# Lathe help please



## Mikhail2400 (Jun 20, 2018)

Ok I found an old Duro tools model B3052 lathe for $40 at a sales event. Now on the live stock side it only has one of the pointy ends for sticking in the center of the wood. That can be removed but beneath it is a plain old 1/2" shaft which is connected to the pulleys which turn it. Now this seems to be all you can do with this lathe. In the original handbook it shows a flange which would slide on the 1/2" shaft for bowls and whatnot. Of course this is no longer made.
Now I was thinking I could get an adapter to go from 1/2" shaft to 1"x 8TPI threads ( or whatever thread size would be best )and mount a small 3-4" 3 jaw chuck on it. Got a few problems with that though. Number 1 is that feasible and 2 does anyone know where I could find such and adapter or maybe know what its called since Im unable to find one with the search terms ive used? Maybe I should just try to find a 5/8" shaft to flange hub all though those arent exactly popping up on the net either. Any help and ADVICE would be greatly appreciated.

P.S> I know the lathe I have isnt much but I want to try my hand a bit before I sink alot of money in more machinery


----------



## Jim Frye (Aug 24, 2016)

The headstock shaft doesn't have a tapered socket in it? If so, knowing what Morse taper that is will help with accessories.


----------



## Mikhail2400 (Jun 20, 2018)

Jim Frye said:


> The headstock shaft doesn't have a tapered socket in it? If so, knowing what Morse taper that is will help with accessories.


The headstock shaft isnt desigmed to come out. Theres no taper, its just a 1/2" shaft. One end has a grinding wheel then a 4 step pulley, then it goes thru the mount, which has brass bushings, and the other end is where the wood point mount is at. This thing was designed way back in the 30s and it has none of the common amenities which became common later on in small lathes. Thats why Im hunting some sort of coupler to change the shaft to threads.


----------



## holtzdreher (Jul 20, 2016)

Does the spur (pointy thing) have a set screw in the side of it any where? Powrkraft and Shop smith lathes use a plain end shaft that takes a spur that fits over the plain end of the shaft and then tightens with a set screw. I believe the shaft end is a plain 5/8 inch shaft on the Powrkraft and Shop Smith lathes.


----------



## Mikhail2400 (Jun 20, 2018)

holtzdreher said:


> Does the spur (pointy thing) have a set screw in the side of it any where? Powrkraft and Shop smith lathes use a plain end shaft that takes a spur that fits over the plain end of the shaft and then tightens with a set screw. I believe the shaft end is a plain 5/8 inch shaft on the Powrkraft and Shop Smith lathes.
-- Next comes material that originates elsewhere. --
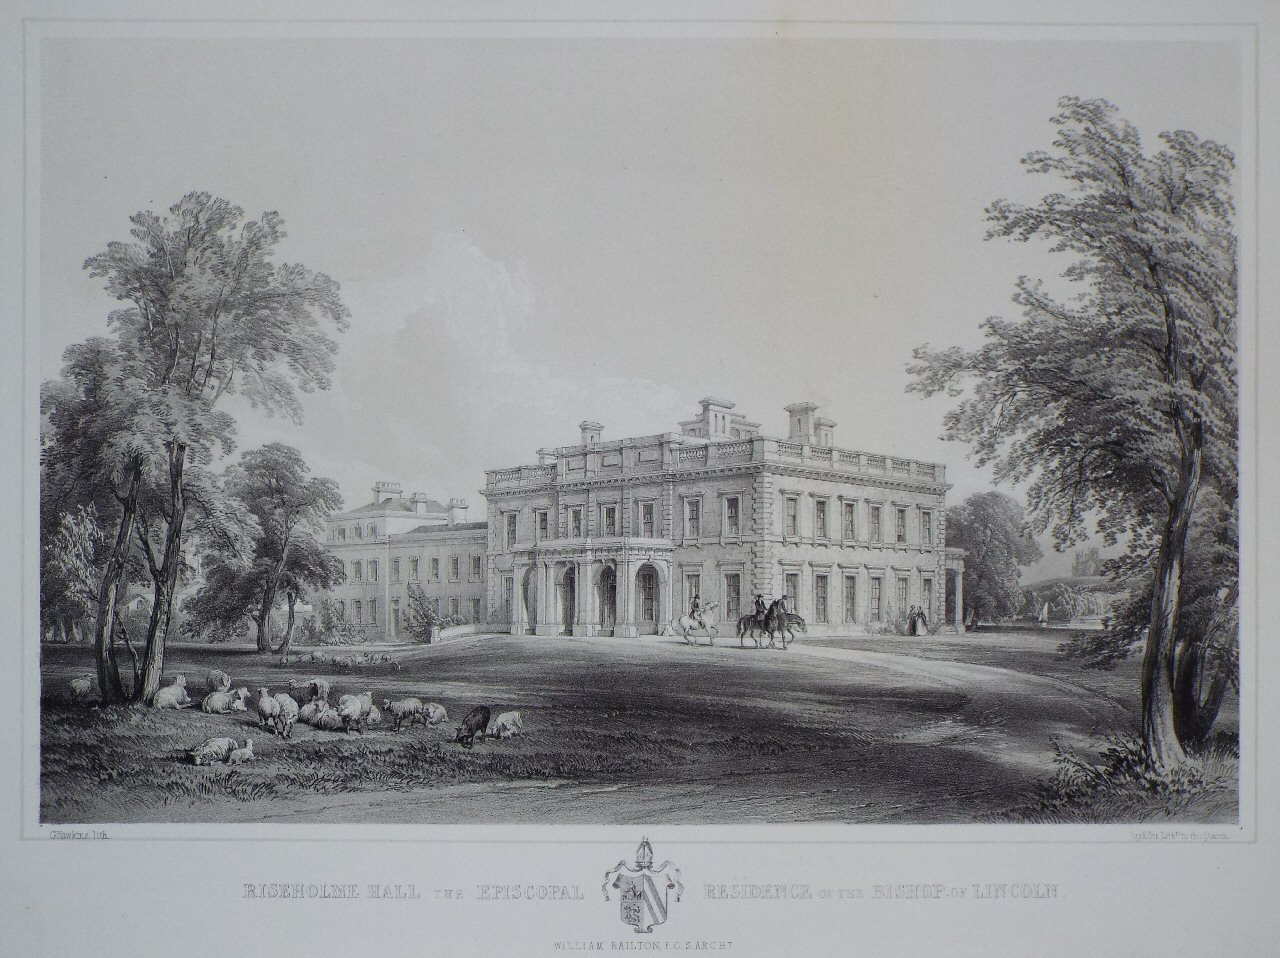 Lithograph - Riseholme Hall, the Episcopal Residence of the Bishop of Lincoln. William Railton Archt. - Hawkins

Thanks for the name of the "pointy thing" lol. I hate sounding like an idiot.
Anyways yes the spur does have a set screw which has to be loosened for removal of the spur. Not long after I posted this thread I ran across the Shopsmith piece your describing. It is exactly what I am hunting, I just cant find it in a 1/2" shaft size. I think i will just go by Tractor Supply and buy a 1/2" x 5/8" bushing and go the shopsmith adapter route


----------



## Steve Neul (Sep 2, 2011)

I know what you have, the first lathe I had was homemade in metal shop in high school. At the time the only place I could get a spur center was a mail order one which is like your lathe. I don't believe the shaft you have is strong enough for a faceplate. I think the stress on the shaft would cause the set screws to tear it up. The lathes which you use a faceplate on have a 1" or larger threaded shaft to screw the faceplate on. If you are handy you might be able to purchase a lathe headstock off ebay and fit it to your lathe. I have an old fay and egan lathe which was missing the headstock. I bought I think was a Rockwell delta lathe headstock off ebay and mounted it on my lathe and it works very good. I just had to contact the seller and ask them what the distance was between the bottom and the center. It was close enough I could raise it up enough to match the tail stock.


----------



## Mikhail2400 (Jun 20, 2018)

Steve Neul said:


> I know what you have, the first lathe I had was homemade in metal shop in high school. At the time the only place I could get a spur center was a mail order one which is like your lathe. I don't believe the shaft you have is strong enough for a faceplate. I think the stress on the shaft would cause the set screws to tear it up. The lathes which you use a faceplate on have a 1" or larger threaded shaft to screw the faceplate on. If you are handy you might be able to purchase a lathe headstock off ebay and fit it to your lathe. I have an old fay and egan lathe which was missing the headstock. I bought I think was a Rockwell delta lathe headstock off ebay and mounted it on my lathe and it works very good. I just had to contact the seller and ask them what the distance was between the bottom and the center. It was close enough I could raise it up enough to match the tail stock.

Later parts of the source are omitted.